After prodding from Myke Hurley, I got into the Marvel Snap strategy card game this year. I spent… uh, way too much time playing Marvel Snap. Like, 95 percent of all my recreational game time this year was probably flinging Carnage onto Wolverine and Nova and Deadpool and watching things explode. Lately, I’ve been feeling like I’m about to reach the end of the road with Snap. But it’s been a fun ride, and they can’t take that away from me.

The excellent iOS album-focused music app Longplay came out with a big update this year. I have been trying to listen to more albums (rather than playlist shuffles) this year, and I admire Longplay’s focus on creating an attractive space to search through albums and then play them in their entirety. My only real complaint is that I do most of my music playing on my Mac, and I’d love a Mac version. Maybe next year?

Favorite movies and TV

My favorite movie of the year was “Oppenheimer.” (I’m not a Christopher Nolan die-hard, and in fact have disliked a lot of his films, but this was the perfect story for his style and talent.) Other favorites: “Spider-Man: Across the Spider-Verse” (which had a very tough act to follow and did not disappoint!), Kenneth Branagh’s gorgeous memoir “Belfast” and “Air“, an amazingly entertaining movie about (believe it or not) basketball shoe sponsorships.

This was a great year for television, so let’s go to the hail of bullets:

  • Star Trek: Strange New Worlds” (Paramount+) managed to one-up its amazing first season with a new clutch of standalone episodes that explore different tones and genres while being undeniably “Star Trek.”
  • The Bear” (Hulu/Disney+) also one-upped its first season, including three very different episodes that could all be strongly argued were the best single episode of TV all year.
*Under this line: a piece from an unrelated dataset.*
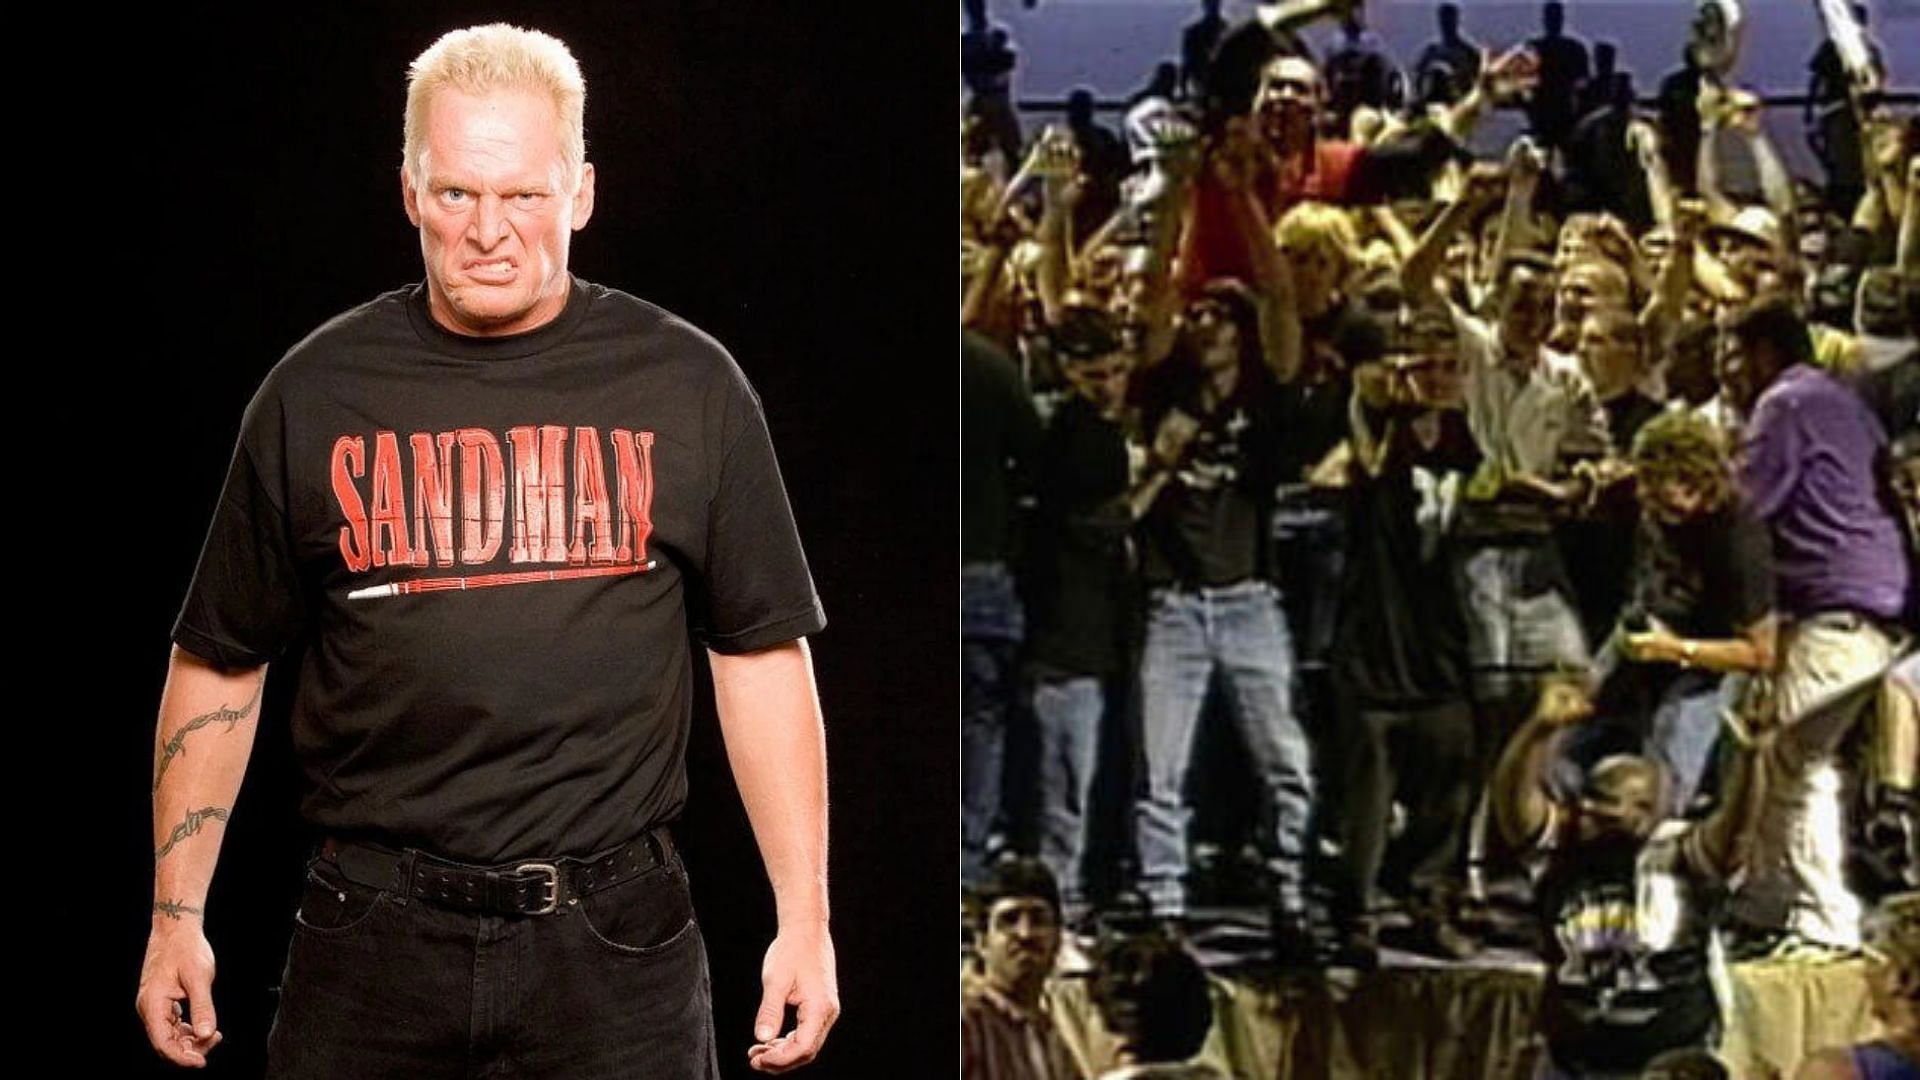 Five-time ECW World Heavyweight Champion The Sandman

I know it’s got a weird name (It’s not about a bear; it’s about a bunch of broken people who are trying to work at a restaurant!), and on its face, it might not seem like your cup of tea, but if you like great television, you need to give it a chance. (For the record, my favorite episode of the season was “Honeydew,” which featured baker Marcus going to Copenhagen.)
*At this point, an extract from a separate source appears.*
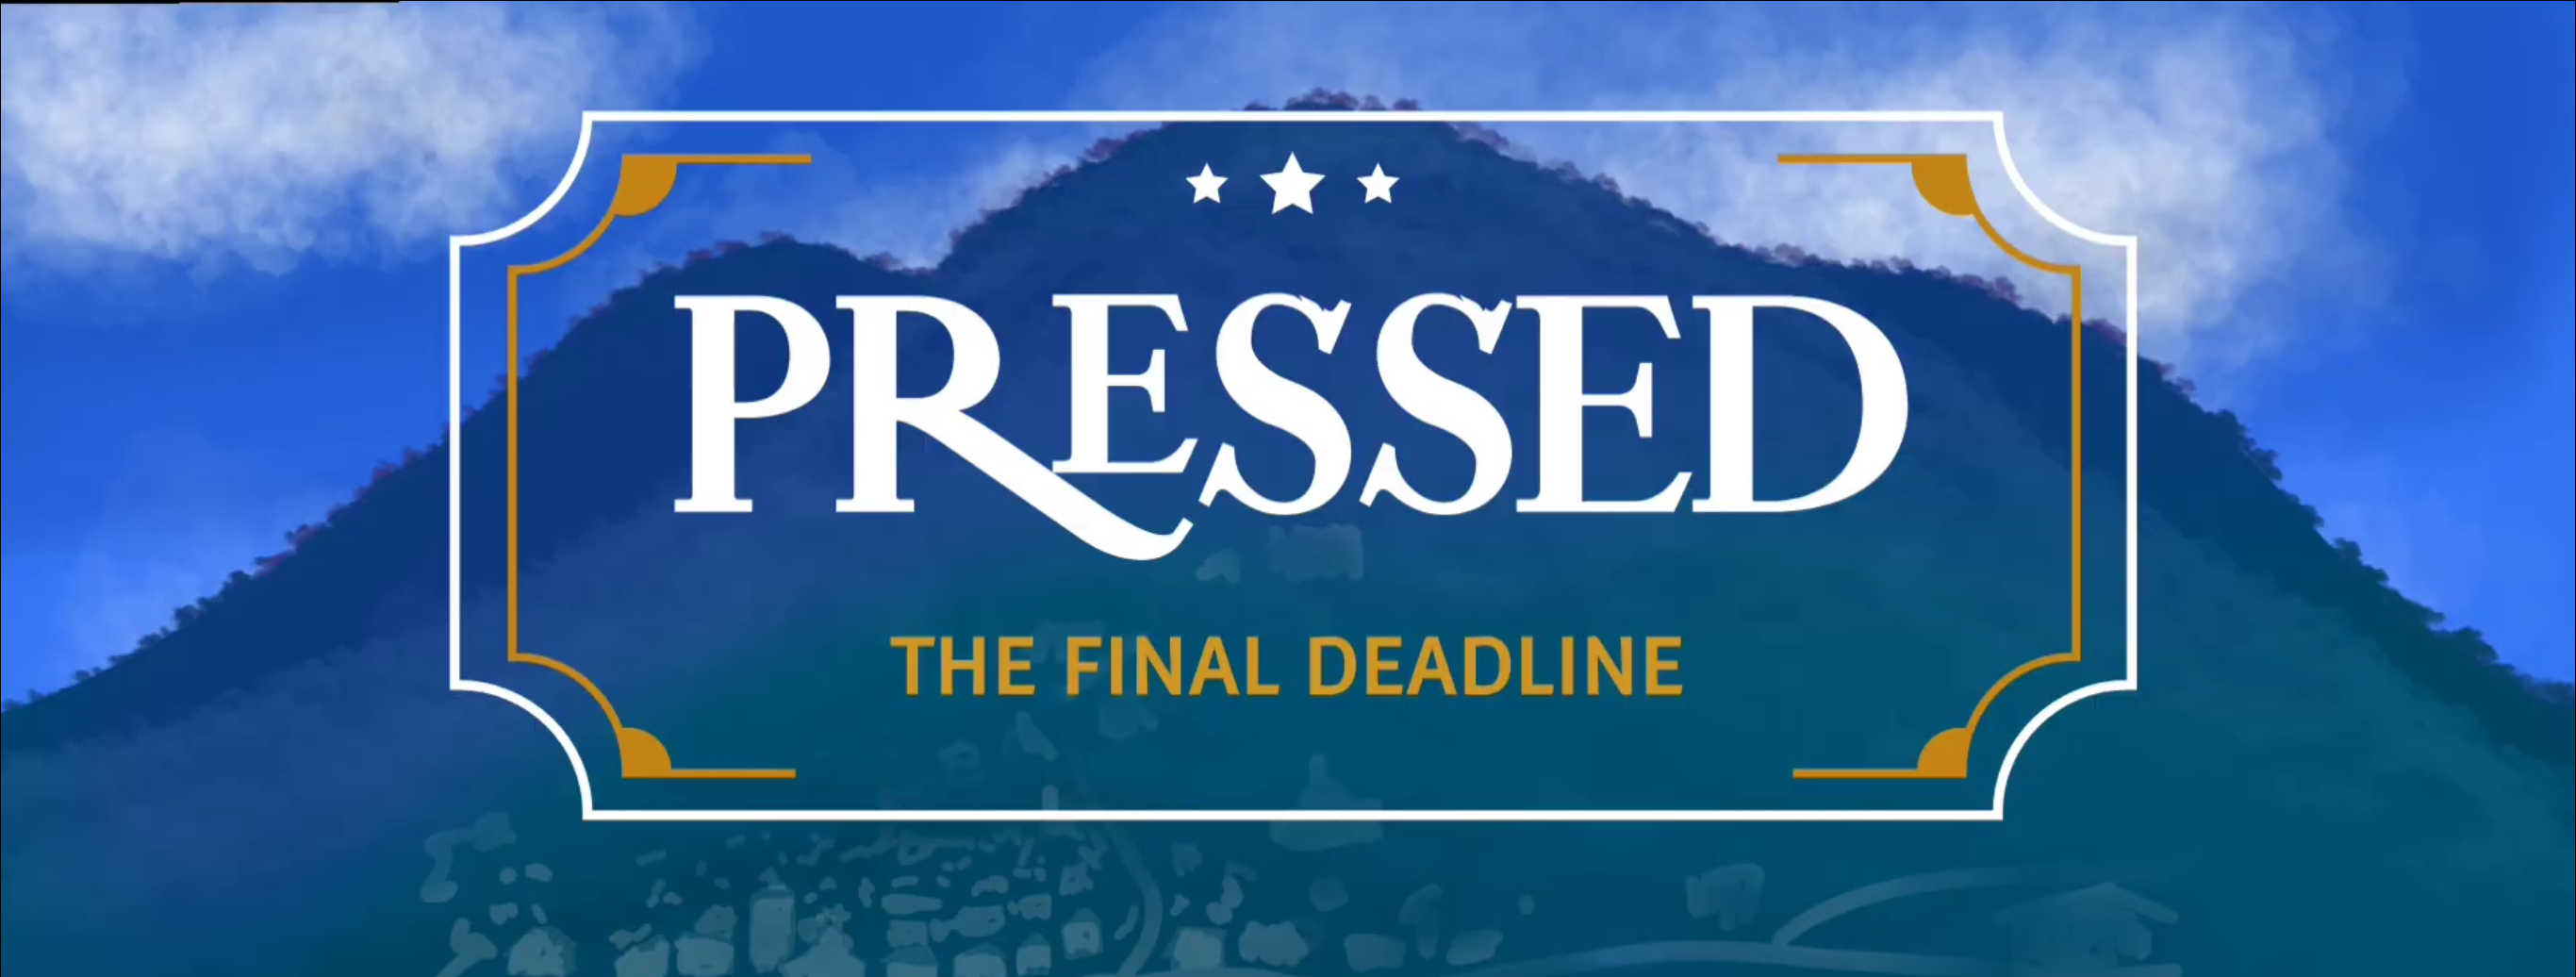 PRESSED: The Final Deadline

  • Slow Horses” (Apple TV+) provided another stellar season with Gary Oldman as a spymaster who’s more than he appears while also being exactly who he appears, and his ragtag group of failed MI-5 agents who don’t have the common sense to accept that their careers are over. British spy drama at its finest.
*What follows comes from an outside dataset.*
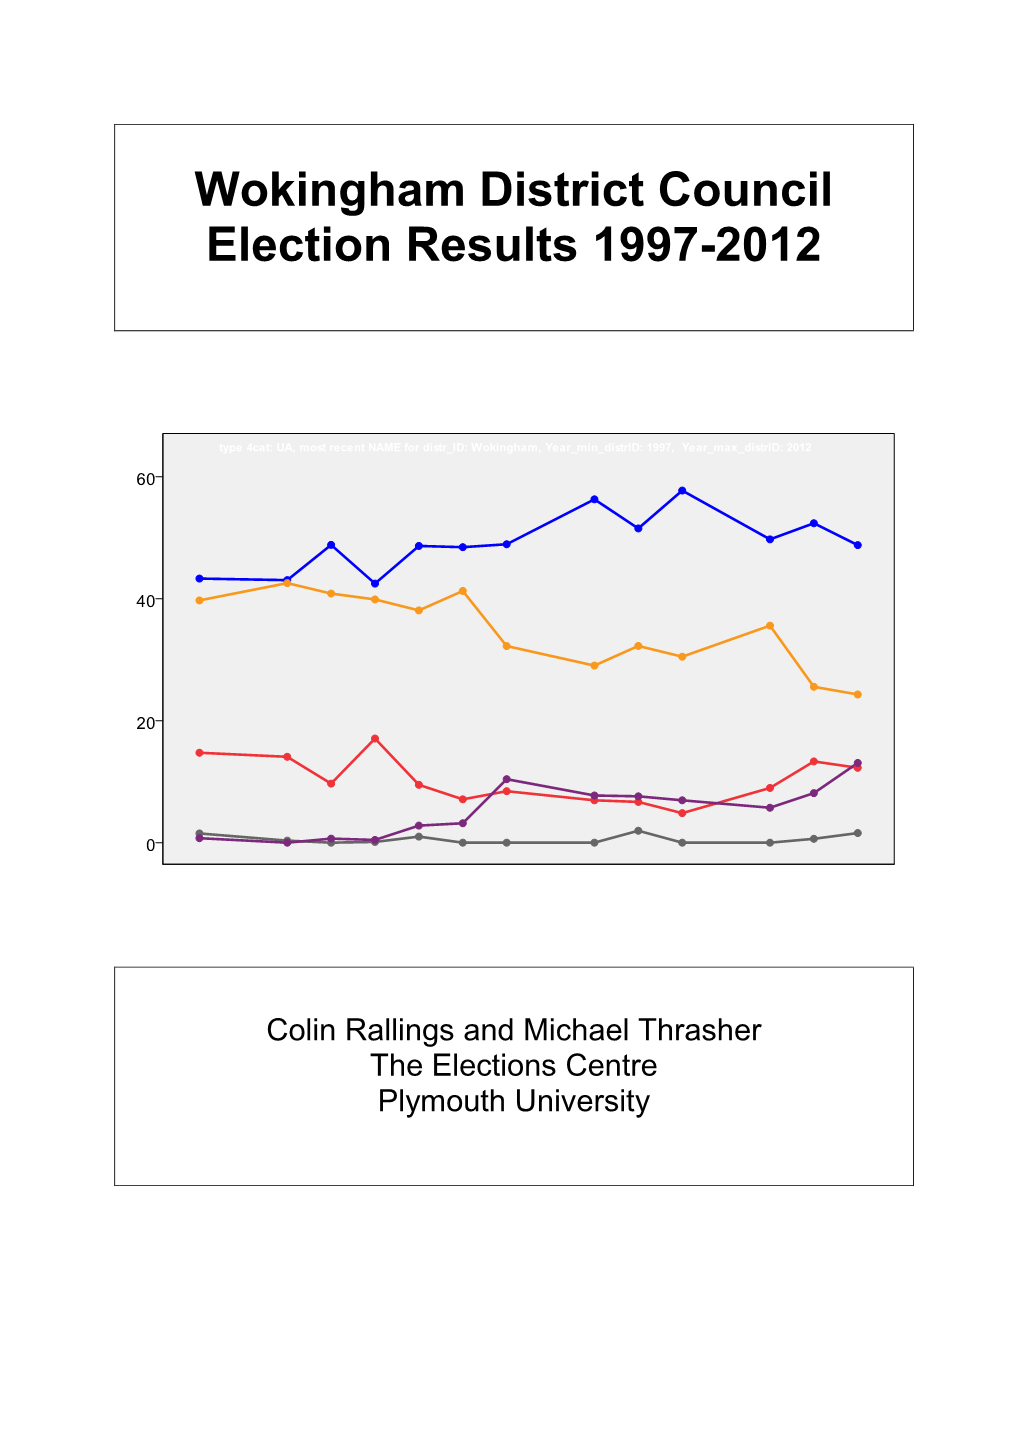 Wokingham District Council Election Results 1997-2012

  • Foundation” (Apple TV+) is the closest thing I’ve ever seen on TV to a wide-screen space opera novel. (Not Asimov’s books, on which the show is very loosely based—the really wild modern space opera stuff I read these days.) Season one started out a bit slow, but season two is just bananas sci-fi from start to finish. Yes, you will need to pay attention—the canvas is large, and the show doesn’t really hold your hand—but this is one of the most daring and visually interesting sci-fi series ever. Apple’s money is being well spent.

  • For All Mankind” (Apple TV+) returned this year with another strong season of alternate-universe space exploration, as NASA and the Soviet Union jointly operate a Mars base and consider mining a valuable asteroid. There are colossal accidents and a whole lot of dramatic situations, as you might expect. I love every minute of it, and you can hear me (and Dan) talk about it weekly on our NASA Vending Machine podcast.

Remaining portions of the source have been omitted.